WHAT TO DO —
Word for word, transcribe the lines below and drop the pictures.

DATASET SECTION —
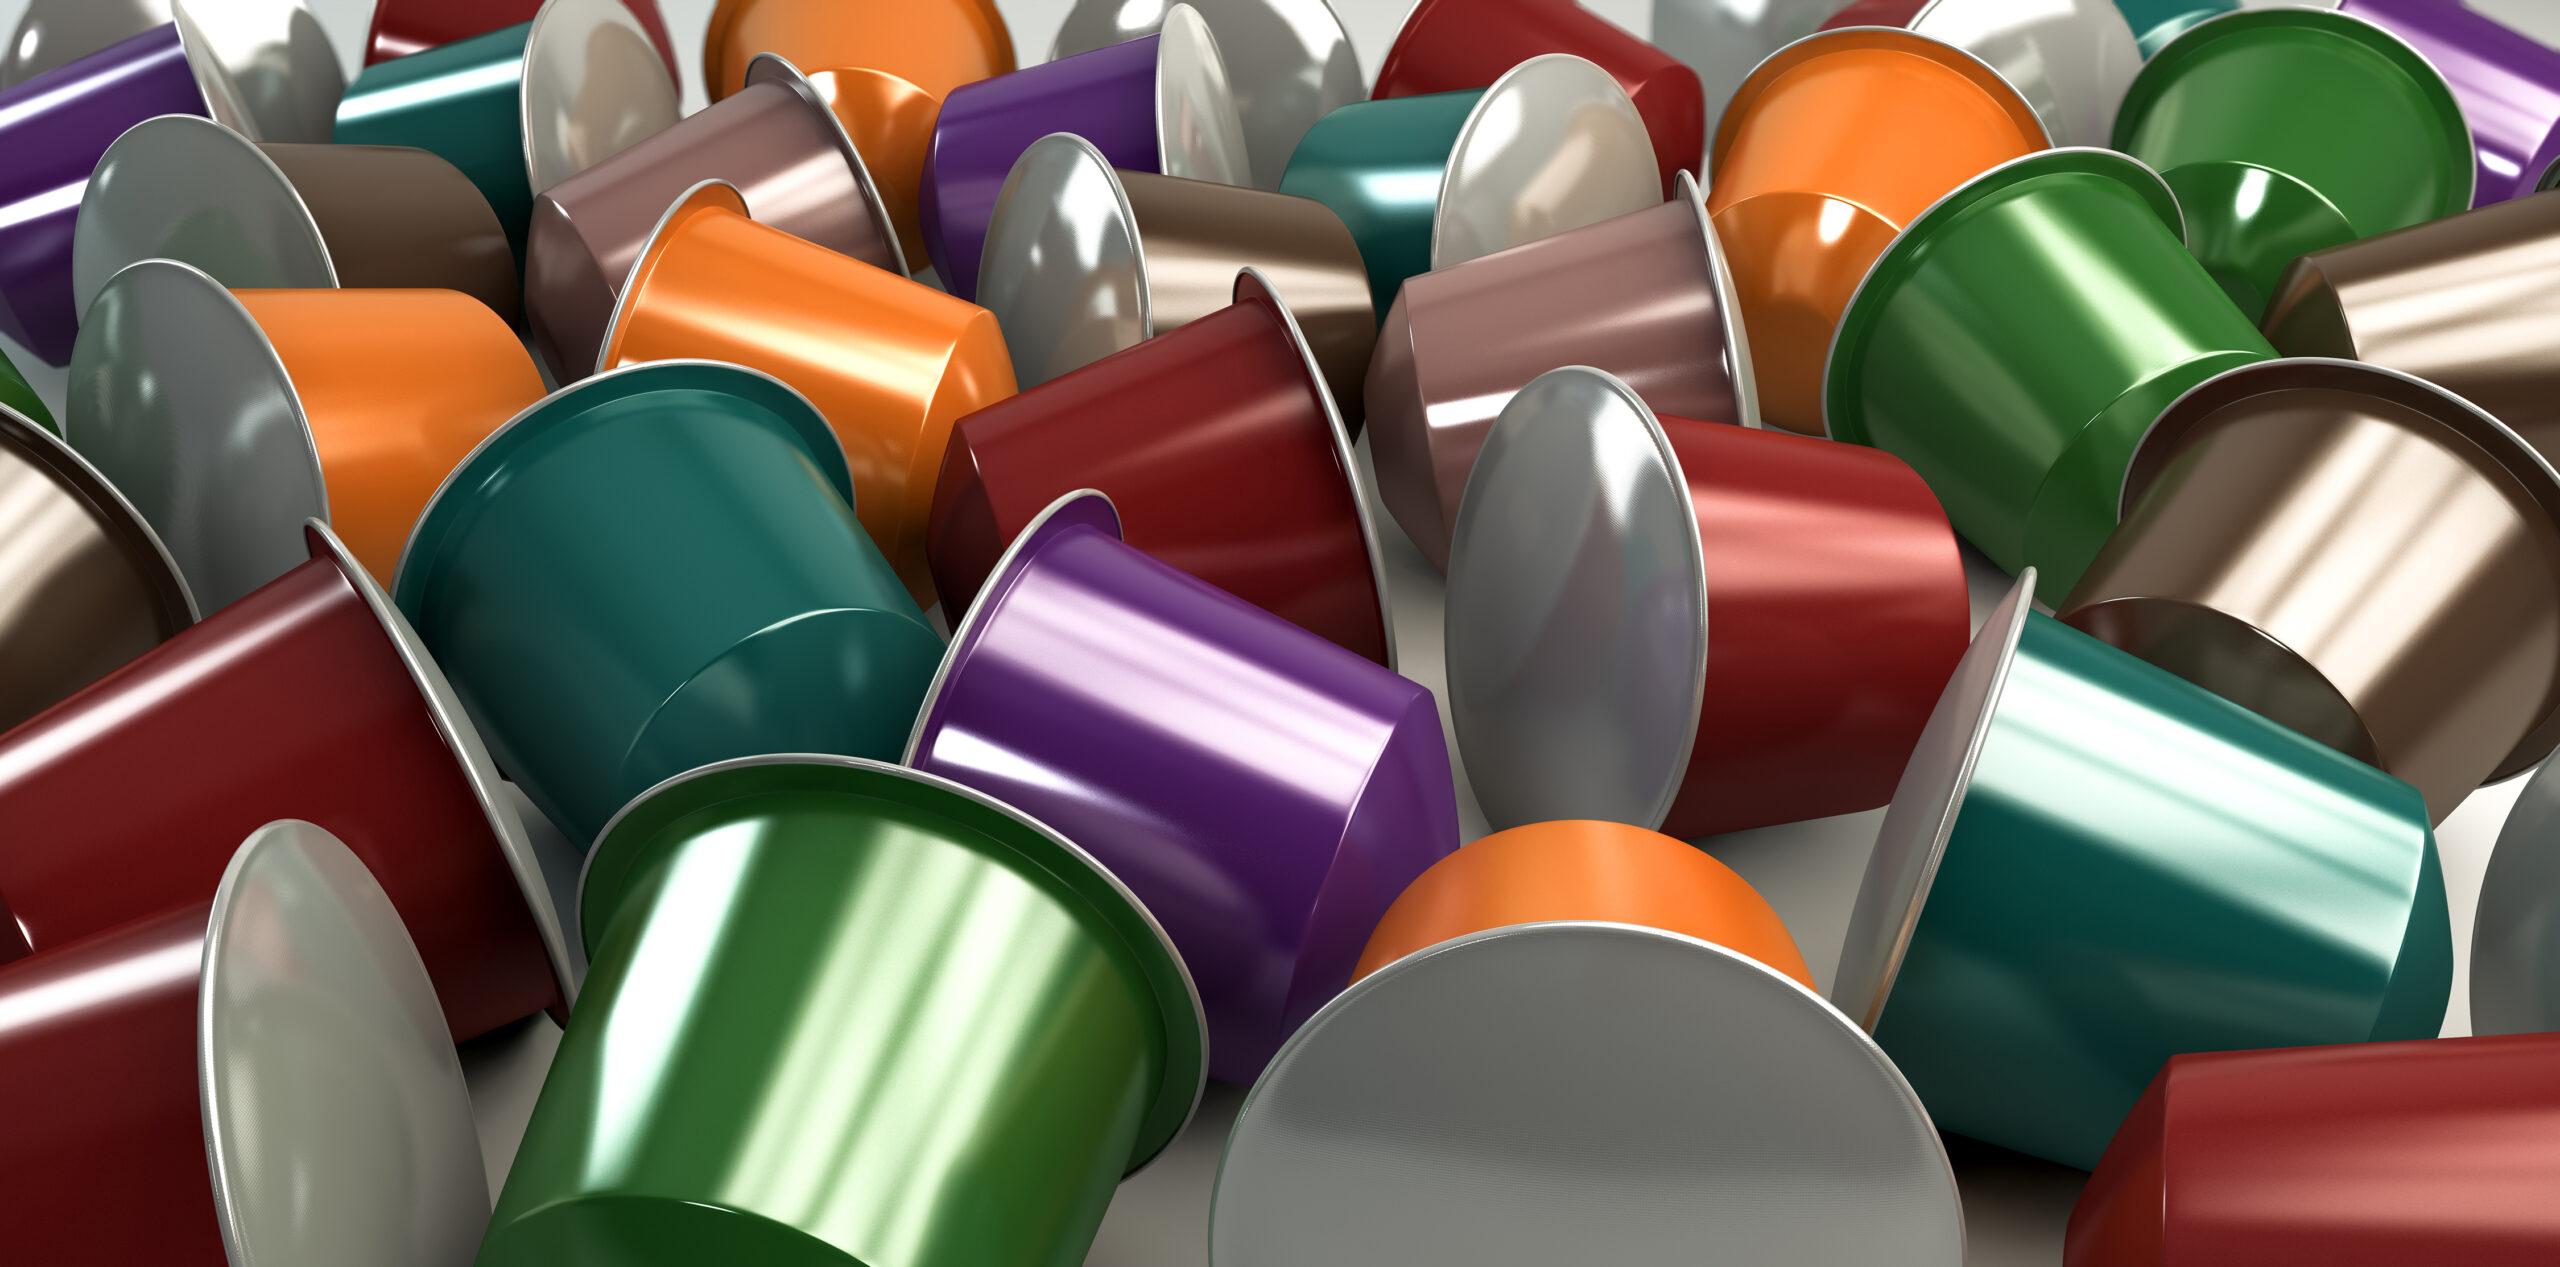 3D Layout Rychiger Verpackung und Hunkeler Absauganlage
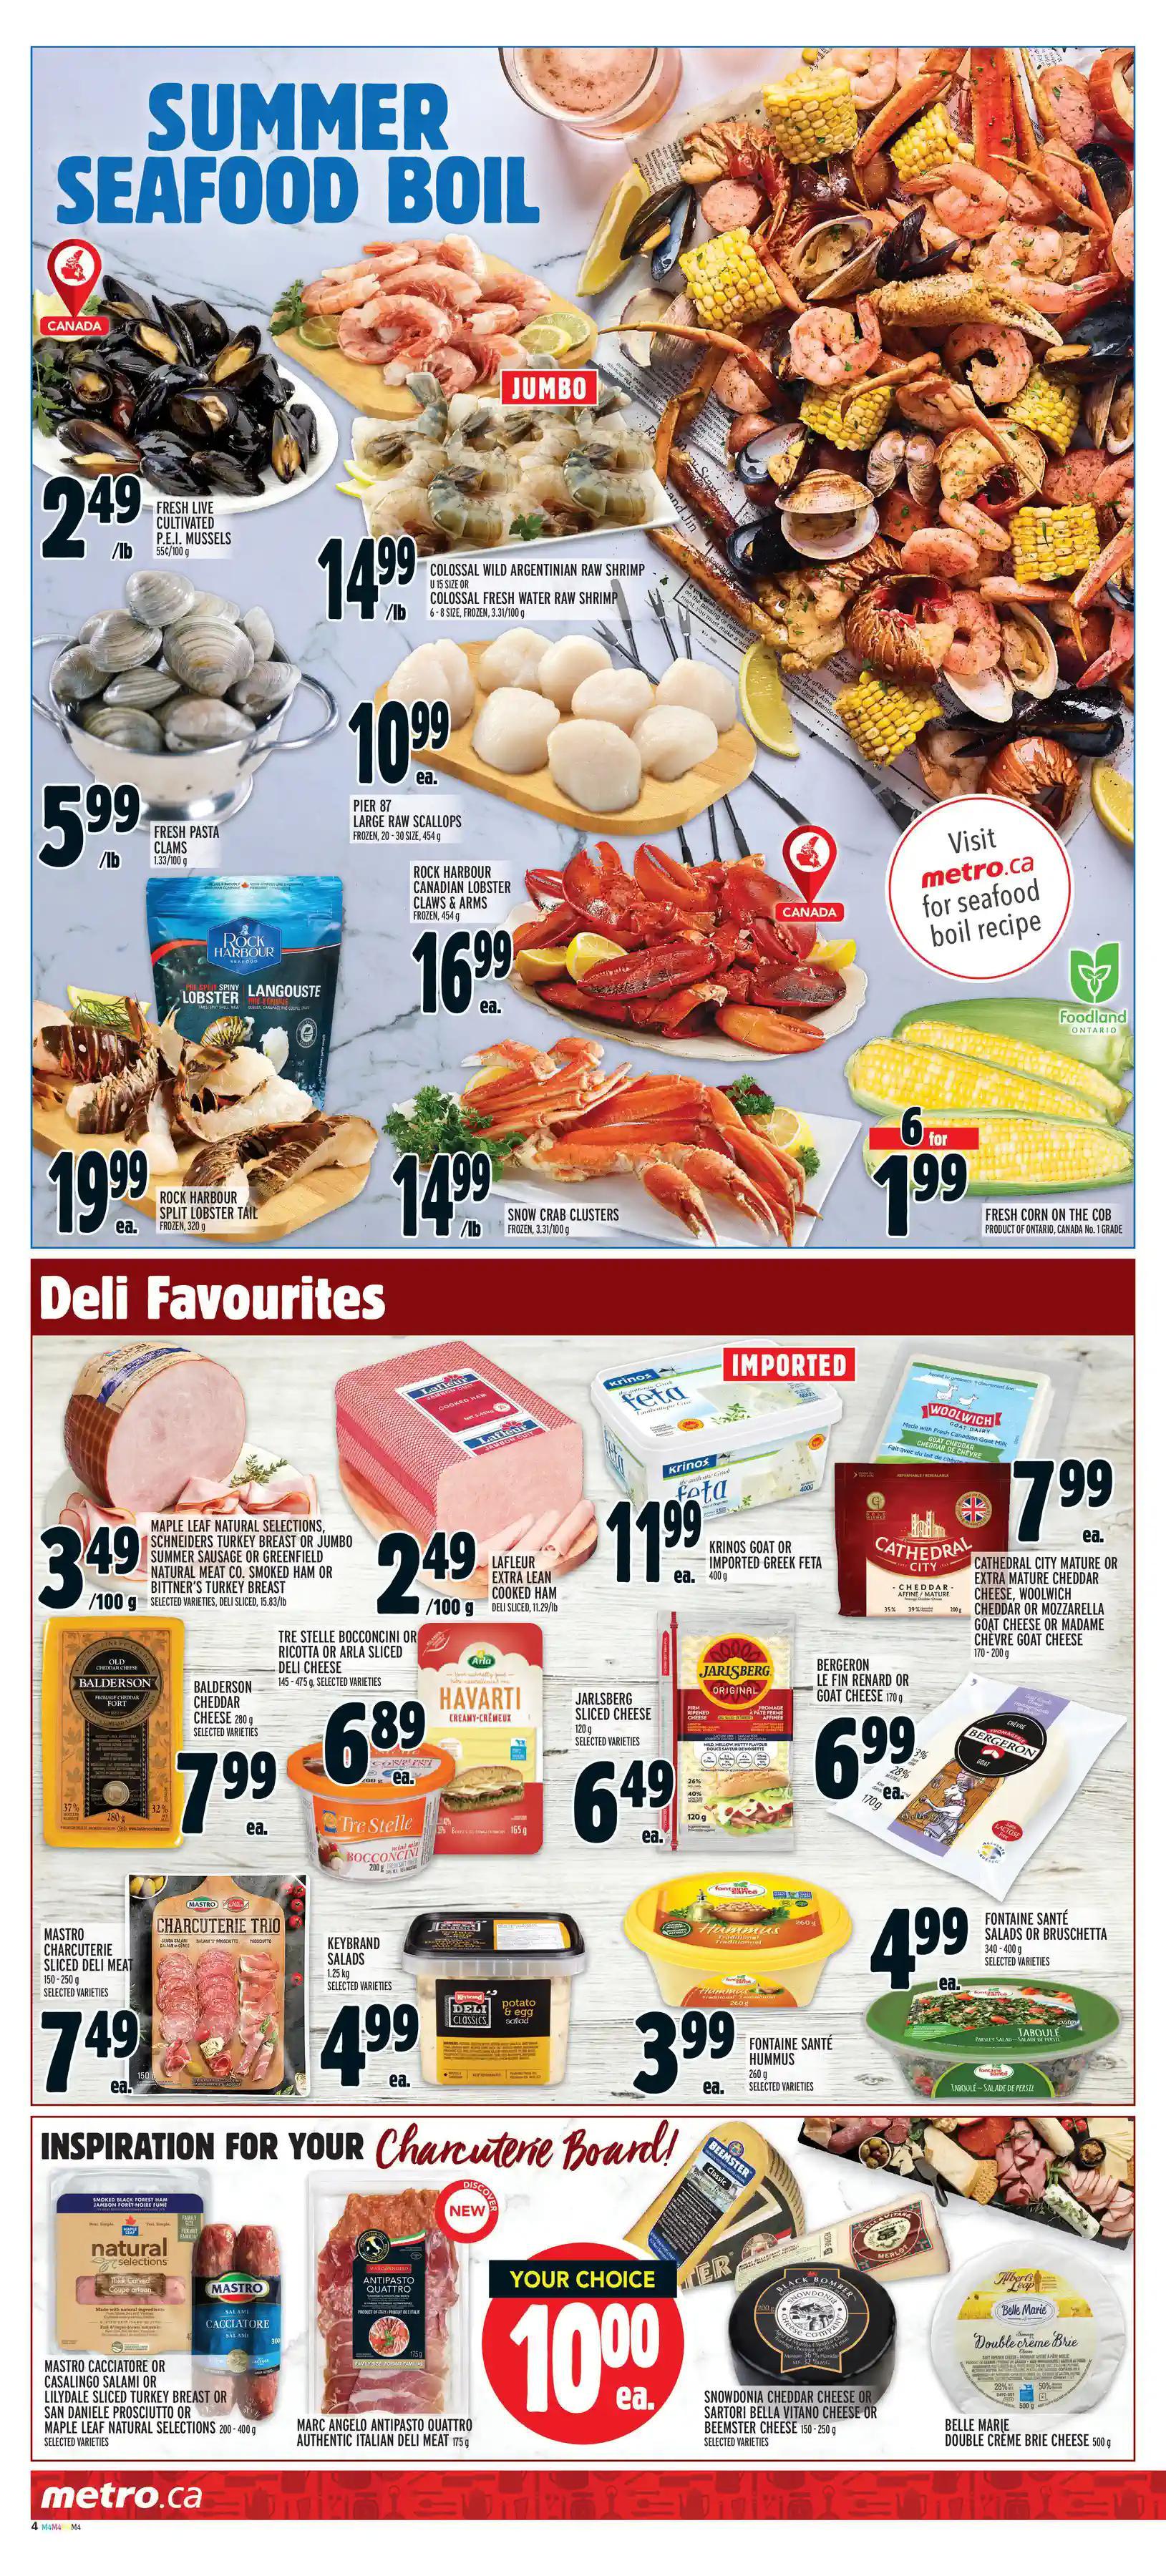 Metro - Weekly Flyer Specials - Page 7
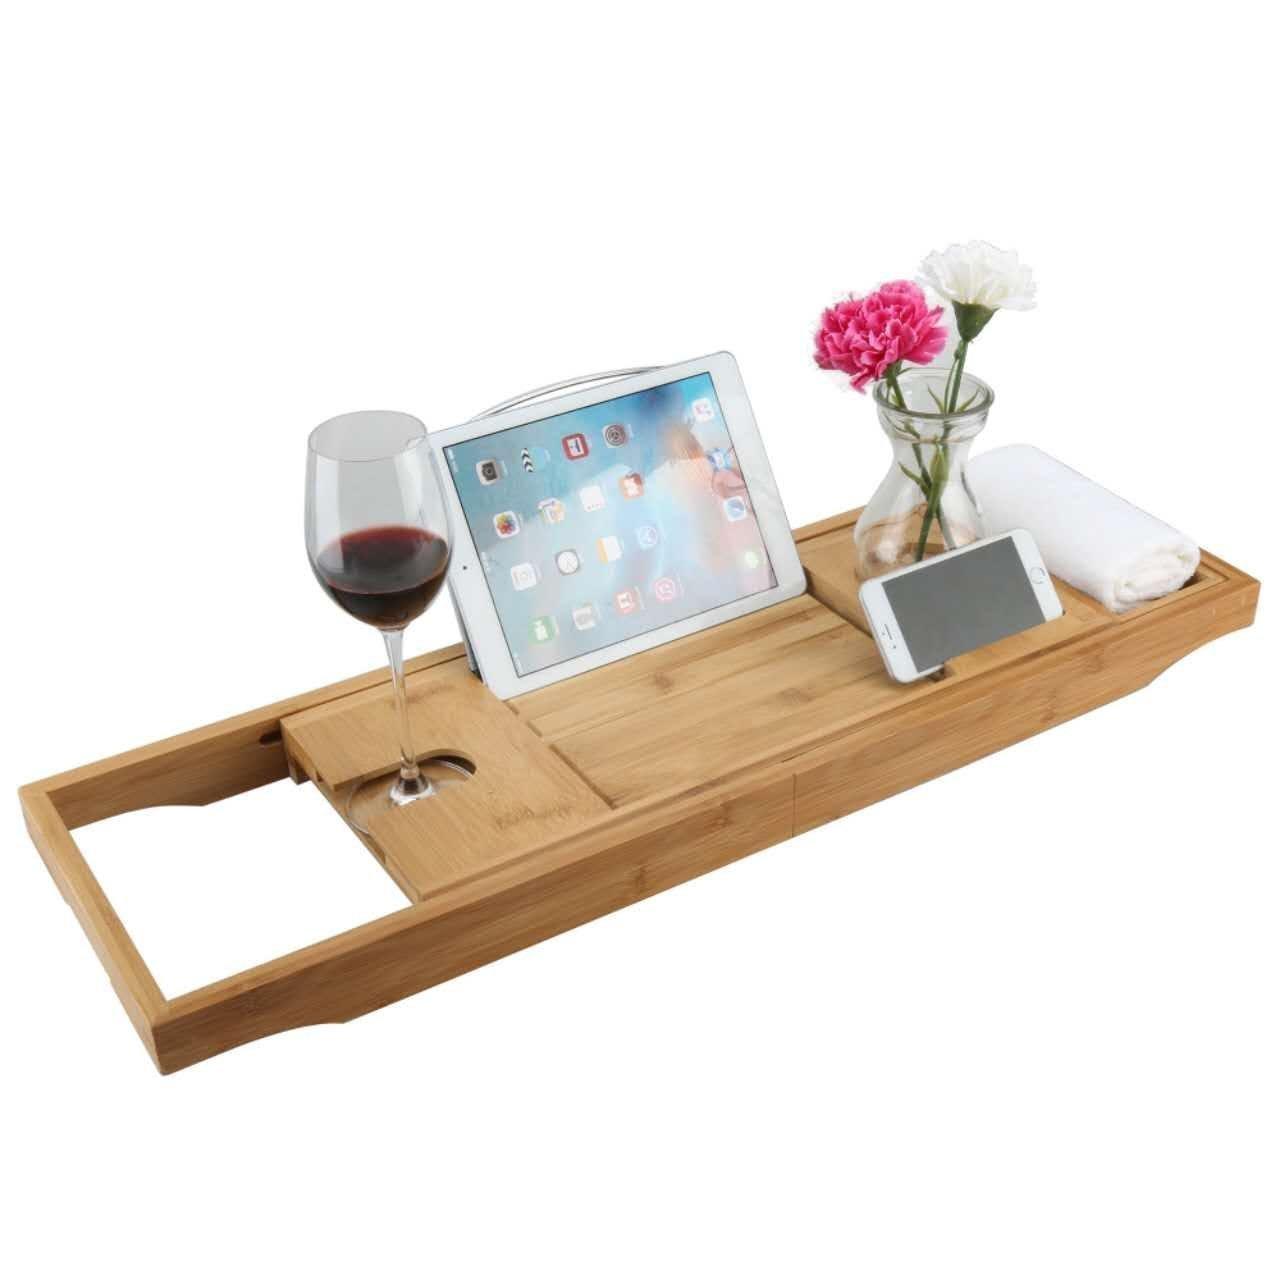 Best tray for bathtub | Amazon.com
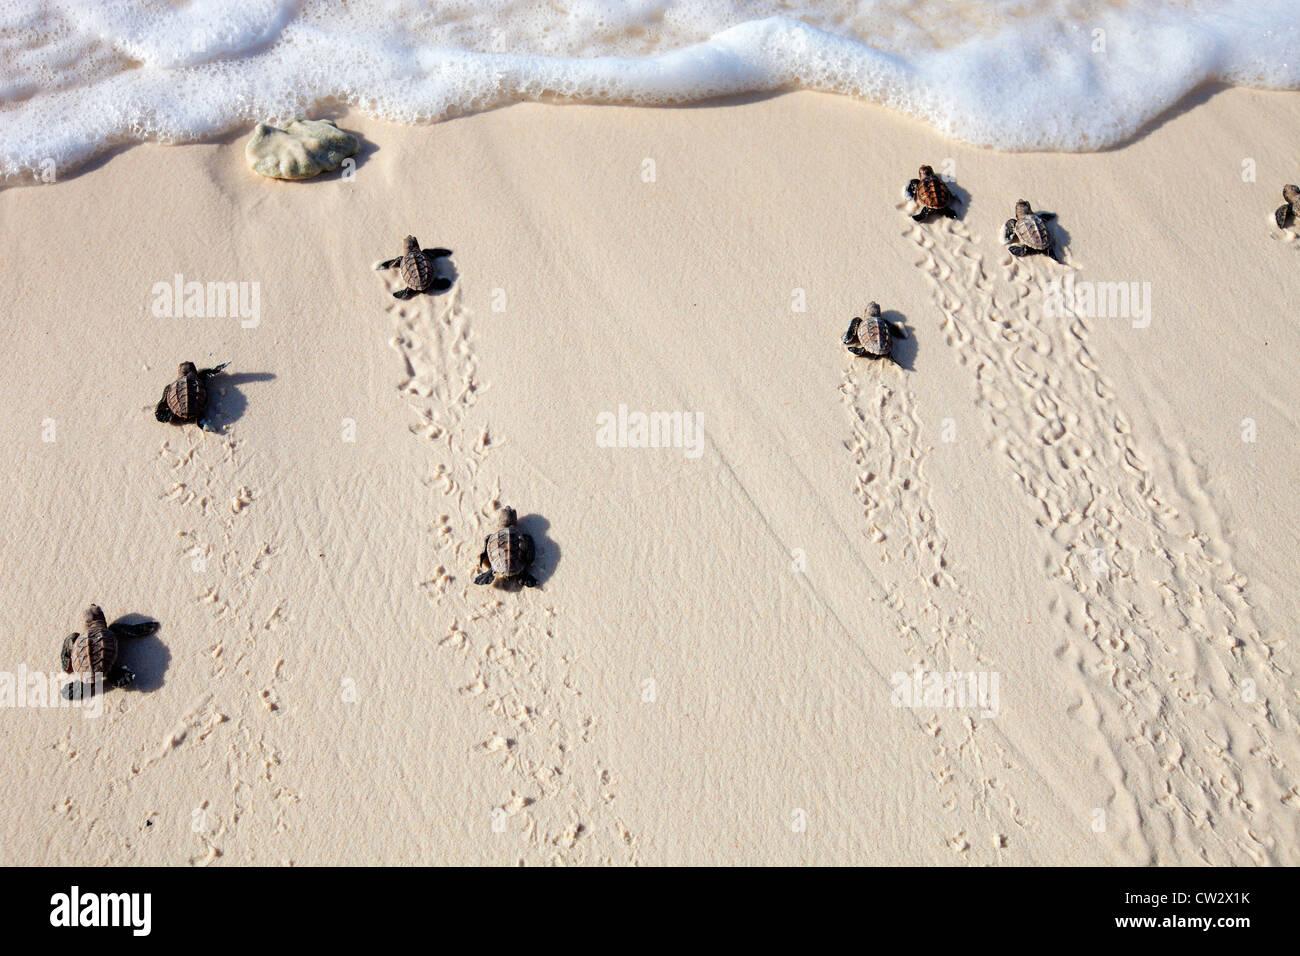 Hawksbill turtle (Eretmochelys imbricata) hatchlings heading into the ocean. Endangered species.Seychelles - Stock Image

RESULT —
 3D Layout Rychiger Verpackung und Hunkeler Absauganlage
 Metro - Weekly Flyer Specials - Page 7
 Best tray for bathtub | Amazon.com
 Hawksbill turtle (Eretmochelys imbricata) hatchlings heading into the ocean. Endangered species.Seychelles - Stock Image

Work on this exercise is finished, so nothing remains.